The Data Mesh Approach
One of the central principles behind Hugr is data mesh architecture — an approach that decentralizes data ownership across business domains. In this model, each domain’s experts act as the “data product owners,” responsible for the quality and structure of their datasets. Hugr facilitates this by providing a modular, permission-aware architecture, allowing different teams to manage their data independently while exposing a unified query interface across the organization.
The system supports role-based access control via OpenID Connect, enabling secure and granular authorization for every query, introspection, and data operation.
Technical Foundation and Features
Hugr’s engine runs on DuckDB, an in-memory analytical query engine that excels at handling complex analytical workloads. Its architecture supports:
- Multi-level caching — both in-memory and distributed (via Redis or Memcached)
- Integration with popular object storages — AWS S3, Azure Blob, Google Cloud, Cloudflare R2, and MinIO
- Support for multiple data formats — CSV, Parquet, Excel, GeoJSON, and JSON
- Federated querying — enabling joins across heterogeneous data sources, including REST APIs
- Native support for PostgreSQL – filters, joins and aggregations pushdown
- Vector and semantic search — for AI-driven insights and contextual retrieval
This blend of traditional data engineering with modern AI-oriented features positions Hugr as a bridge between enterprise data management and AI analytics.
“Talk to Data” – The Next Frontier
What truly sets Hugr apart is its “Talk to Data” concept — a conversational interface for querying structured data. Through the Model Context Protocol (MCP) server, Hugr exposes data schema introspection and query execution tools directly to LLMs. This allows AI systems like Anthropic’s Claude or OpenAI models to understand and interact with enterprise datasets via natural language.
Here’s how it works:
- The MCP server connects to a Hugr instance and loads its base schema.
- Using an LLM, it generates natural-language summaries of tables, fields, and relationships.
- When a user asks a question (e.g., “What are the top companies paying doctors in California?”), the model translates it into a GraphQL query, executes it via Hugr, and returns the analytical result.
In demos, this system successfully analyzed synthetic healthcare data and open payment datasets, producing contextual summaries and visualizable results in seconds. The integration of AI-assisted querying with a real data engine illustrates the potential of natural language data exploration — a key milestone toward autonomous data intelligence.

Managed AI Services: The Future Built on Platforms Like Hugr
The rise of Managed AI Services marks the next evolution in enterprise technology — where organizations don’t just consume AI models, but operate data-aware AI ecosystems that understand and act on their own structured data.
Platforms like Hugr are the foundation layer for this transformation. By providing unified data access, governance, and vectorized search capabilities, Hugr can serve as the data backbone for managed AI systems that continuously learn, analyze, and optimize business operations.
Imagine an AI system built on Hugr that:
- Connects securely to enterprise data lakes and APIs to maintain a live, AI-ready semantic model of business data.
- Deploys specialized AI agents (sales, finance, operations) that query Hugr’s unified API through natural language.
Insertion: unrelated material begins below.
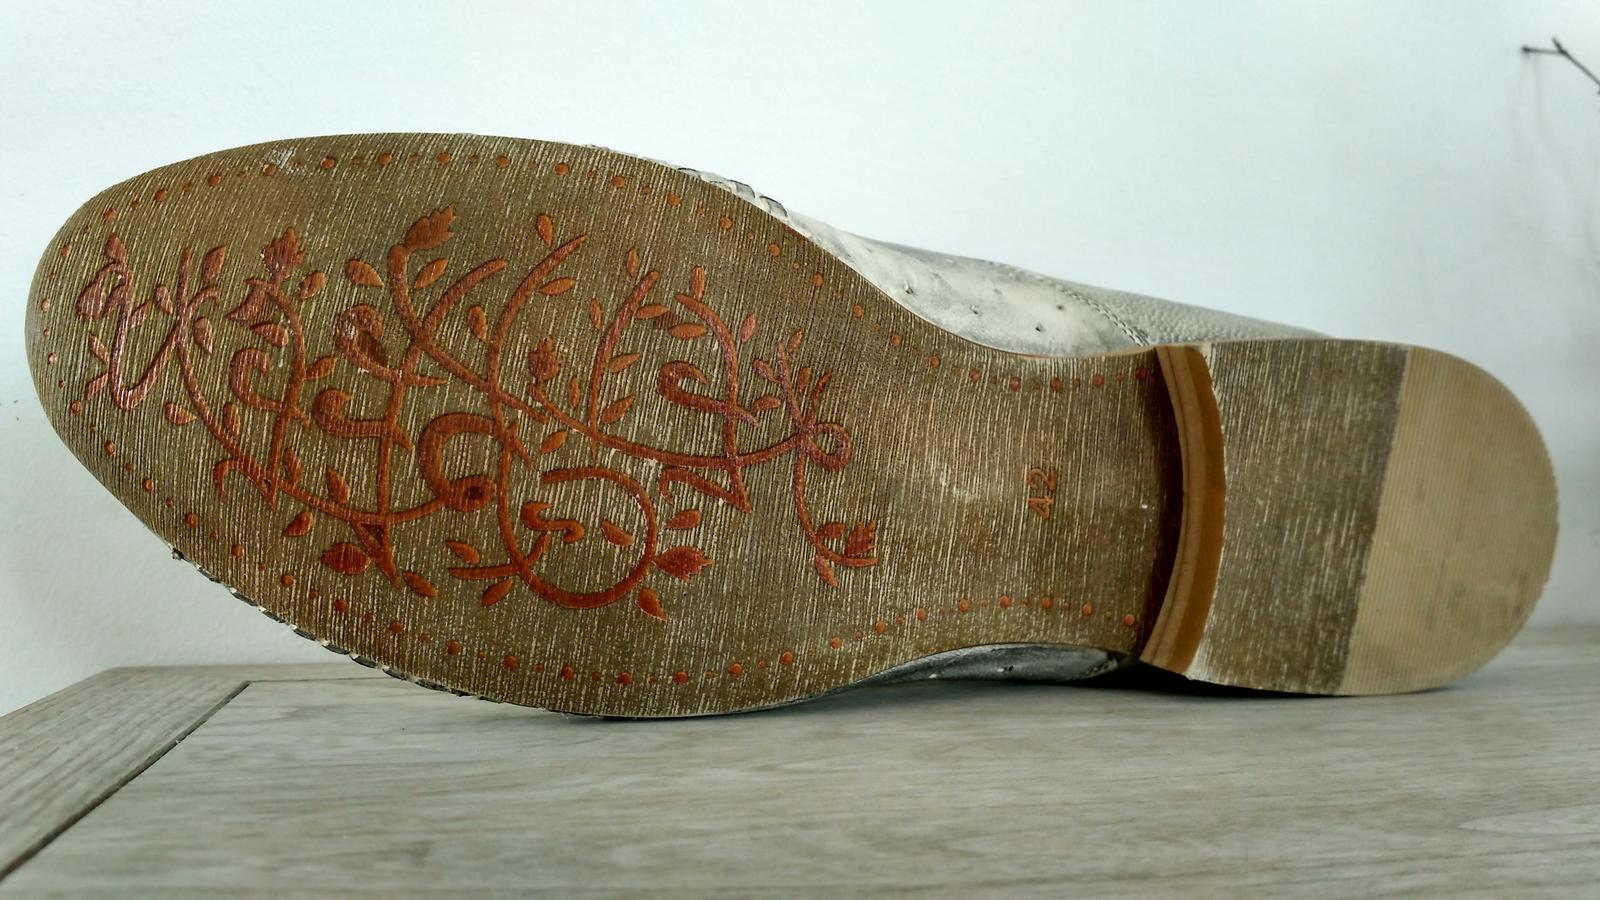 Pánske spoločenské topánky - Obrázok č. 4

- Monitors data usage and performance with built-in observability and access controls.
- Automatically generates insights, dashboards, and alerts — without manual prompt engineering or SQL scripting.
- Integrates with enterprise tools such as Power BI, Salesforce, or custom LLM applications.
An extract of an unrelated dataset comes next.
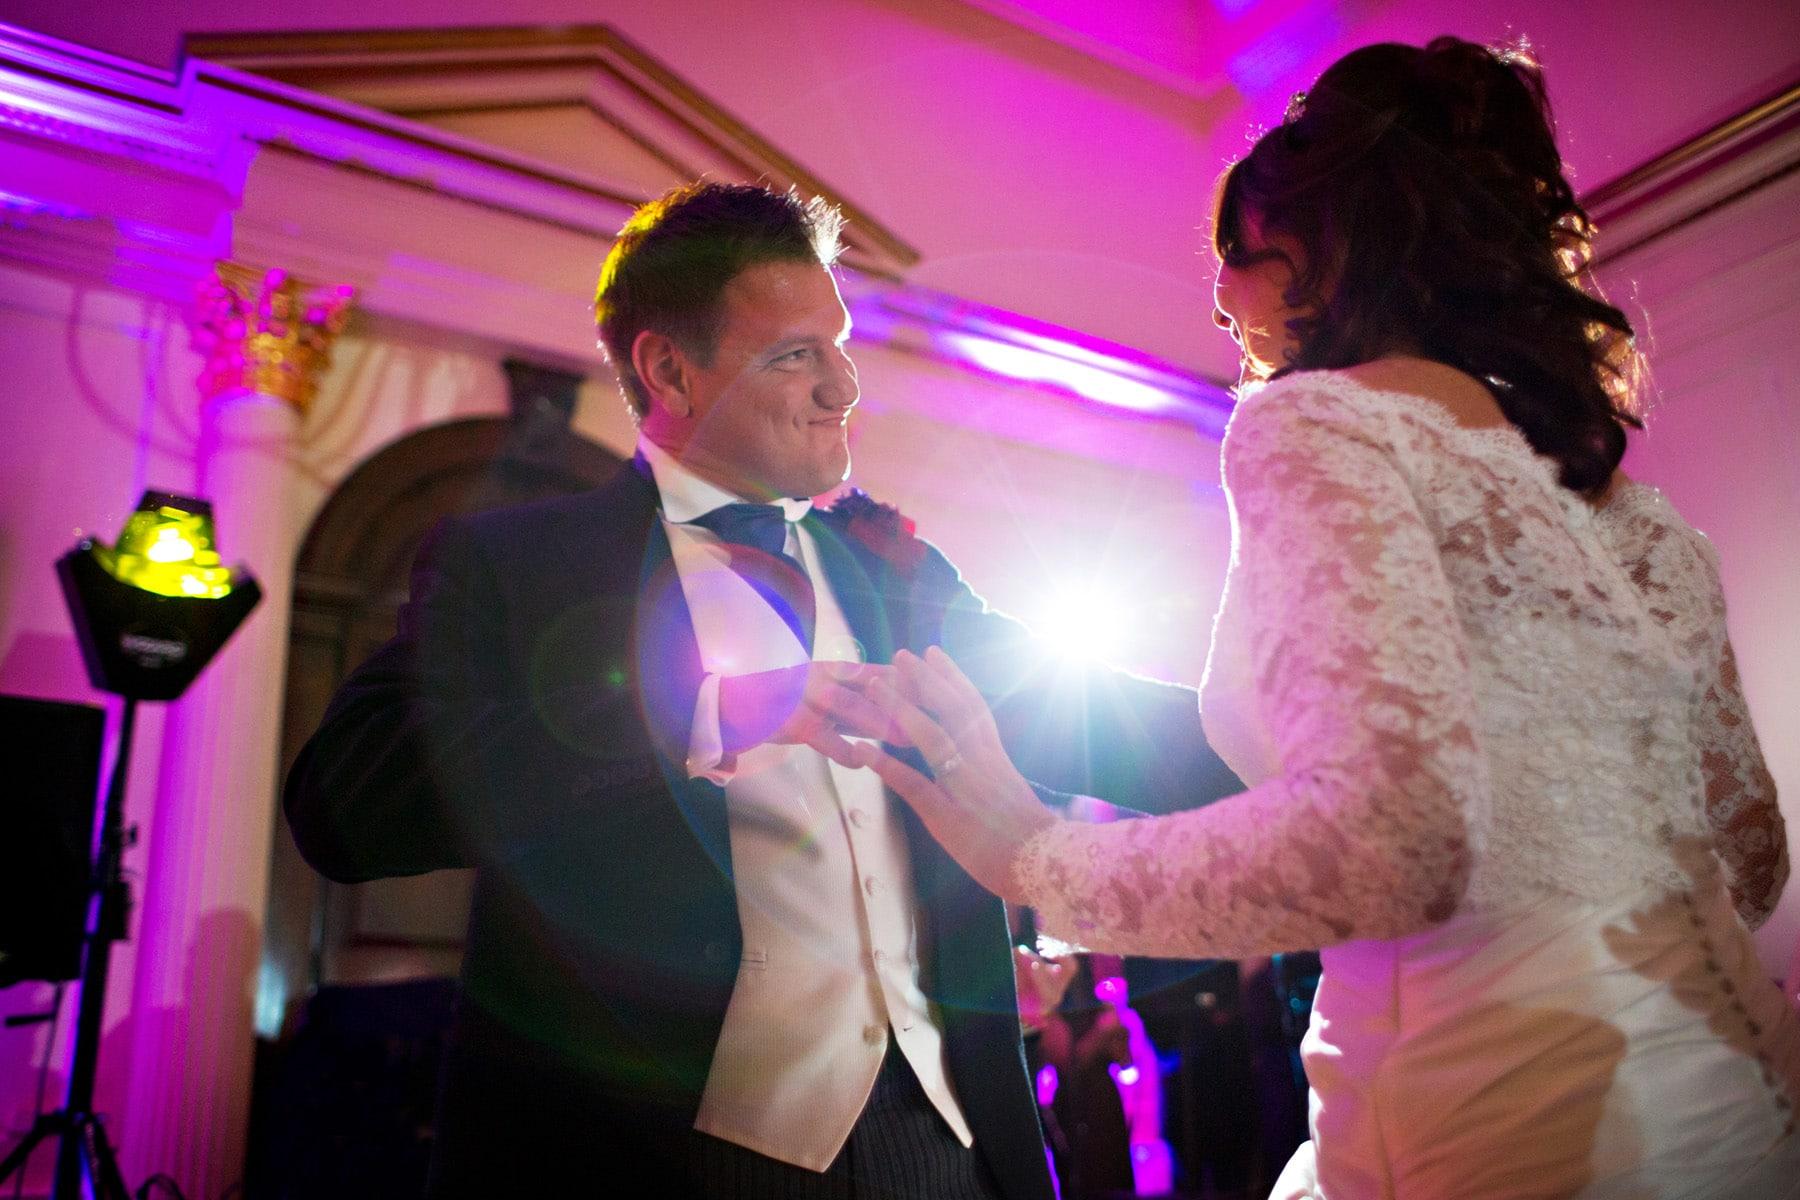 Hintlesham Hall Wedding Photography - Anja and Adam

Such a system could turn Hugr into the “data hub” for fully managed AI analytics environments — reducing friction between raw data and intelligent automation. Enterprises could deploy Hugr as a self-hosted service or consume it through a cloud-based managed offering, aligning with trends in AI governance, privacy, and compliance.
In this vision, Managed AI Services are no longer abstract — they are composable, transparent, and powered by data platforms like Hugr that bring structure and semantics to the AI layer.

Roadmap and Future Vision
Hugr is still in active development, with an ambitious roadmap that includes:
- Native Data Lake support for modern formats
- Pushdown optimization to delegate aggregations and joins to connected databases
- Streaming ingestion for real-time analytics
- Integration with BI tools via Microsoft OData REST protocols
- Enhanced session and result management for collaborative data analysis
- Multi-agent and offline modes for flexible, distributed AI workflows
Also plan to extend the project’s ecosystem with a Python client, Spark integration, and agent-mode support for independent LLM-based analytics.
An Open Invitation
As an open-source initiative, Hugr welcomes contributors and collaborators passionate about data, AI, and distributed systems. The project is already proving how AI and data engineering can converge to create systems that “understand” enterprise data — not just store it.
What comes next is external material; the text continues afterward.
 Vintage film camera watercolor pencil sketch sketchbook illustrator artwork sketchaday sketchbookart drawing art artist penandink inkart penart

“The hardest part isn’t querying data. It’s understanding how that data is structured and what it means. With Hugr, we’re teaching AI to do exactly that”, said AI engineer Vladimir Gribanov.
Key Takeaway
Hugr’s Talk-to-Data approach redefines enterprise analytics by merging GraphQL-based data federation with AI-driven natural language interaction. Combined with the emerging layer of Managed AI Services, it paints a vision of enterprises where AI doesn’t just analyze data — it lives in it.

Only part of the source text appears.